What did he do while thus shut up? With what thoughts was the unfortunate man contending? Was he giving final battle to his formidable passion? Was he concocting a final plan of death for her and of perdition for himself?
His Jehan, his cherished brother, his spoiled child, came once to his door, knocked, swore, entreated, gave his name half a score of times. Claude did not open.

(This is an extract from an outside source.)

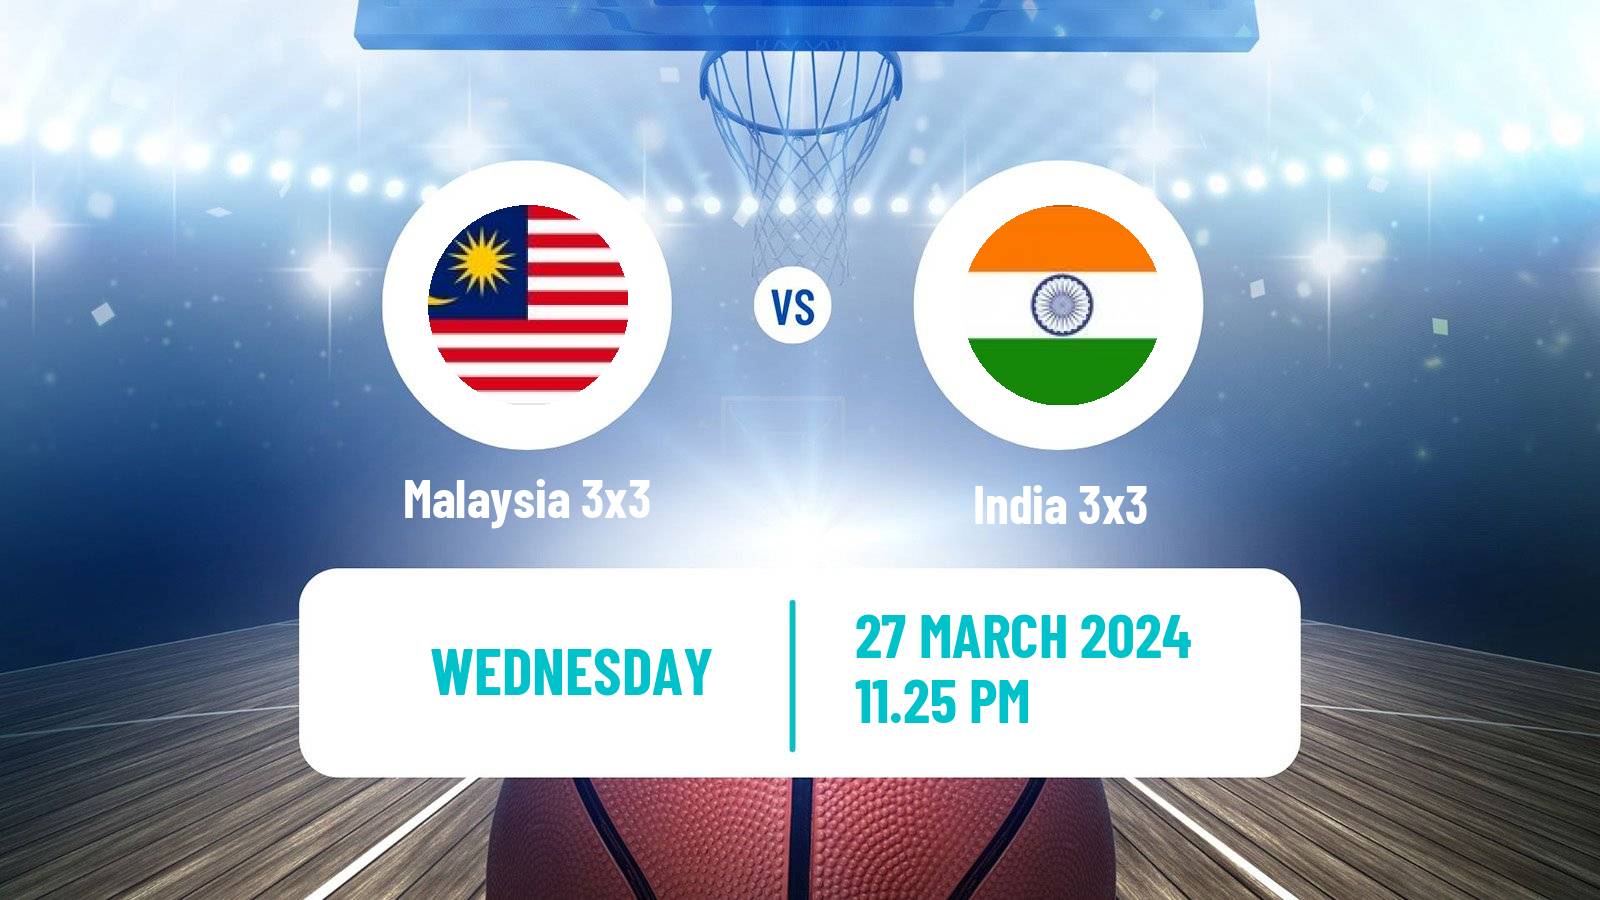 Basketball Asia Cup 3x3 Malaysia 3x3 - India 3x3

He passed whole days with his face close to the panes of his window. From that window, situated in the cloister, he could see la Esmeralda's chamber. He often saw herself with her goat, sometimes with Quasimodo. He remarked the little attentions of the ugly deaf man, his obedience, his delicate and submissive ways with the gypsy. He recalled, for he had a good memory, and memory is the tormentor of the jealous, he recalled the singular look of the bellringer, bent on the dancer upon a certain evening. He asked himself what motive could have impelled Quasimodo to save her. He was the witness of a thousand little scenes between the gypsy and the deaf man, the pantomime of which, viewed from afar and commented on by his passion, appeared very tender to him. He distrusted the capriciousness of women. Then he felt a jealousy which he could never have believed possible awakening within him, a jealousy which made him redden with shame and indignation: “One might condone the captain, but this one!” This thought upset him.
His nights were frightful. As soon as he learned that the gypsy was alive, the cold ideas of spectre and tomb which had persecuted him for a whole day vanished, and the flesh returned to goad him. He turned and twisted on his couch at the thought that the dark-skinned maiden was so near him.
Every night his delirious imagination represented la Esmeralda to him in all the attitudes which had caused his blood to boil most. He beheld her outstretched upon the poniarded captain, her eyes closed, her beautiful bare throat covered with Phoebus's blood, at that moment of bliss when the archdeacon had imprinted on her pale lips that kiss whose burn the unhappy girl, though half dead, had felt. He beheld her, again, stripped by the savage hands of the torturers, allowing them to bare and to enclose in the boot with its iron screw, her tiny foot, her delicate rounded leg, her white and supple knee. Again he beheld that ivory knee which alone remained outside of Torterue's horrible apparatus. Lastly, he pictured the young girl in her shift, with the rope about her neck, shoulders bare, feet bare, almost nude, as he had seen her on that last day. These images of voluptuousness made him clench his fists, and a shiver run along his spine.
One night, among others, they heated so cruelly his virgin and priestly blood, that he bit his pillow, leaped from his bed, flung on a surplice over his shirt, and left his cell, lamp in hand, half naked, wild, his eyes aflame.
He knew where to find the key to the red door, which connected the cloister with the church, and he always had about him, as the reader knows, the key of the staircase leading to the towers.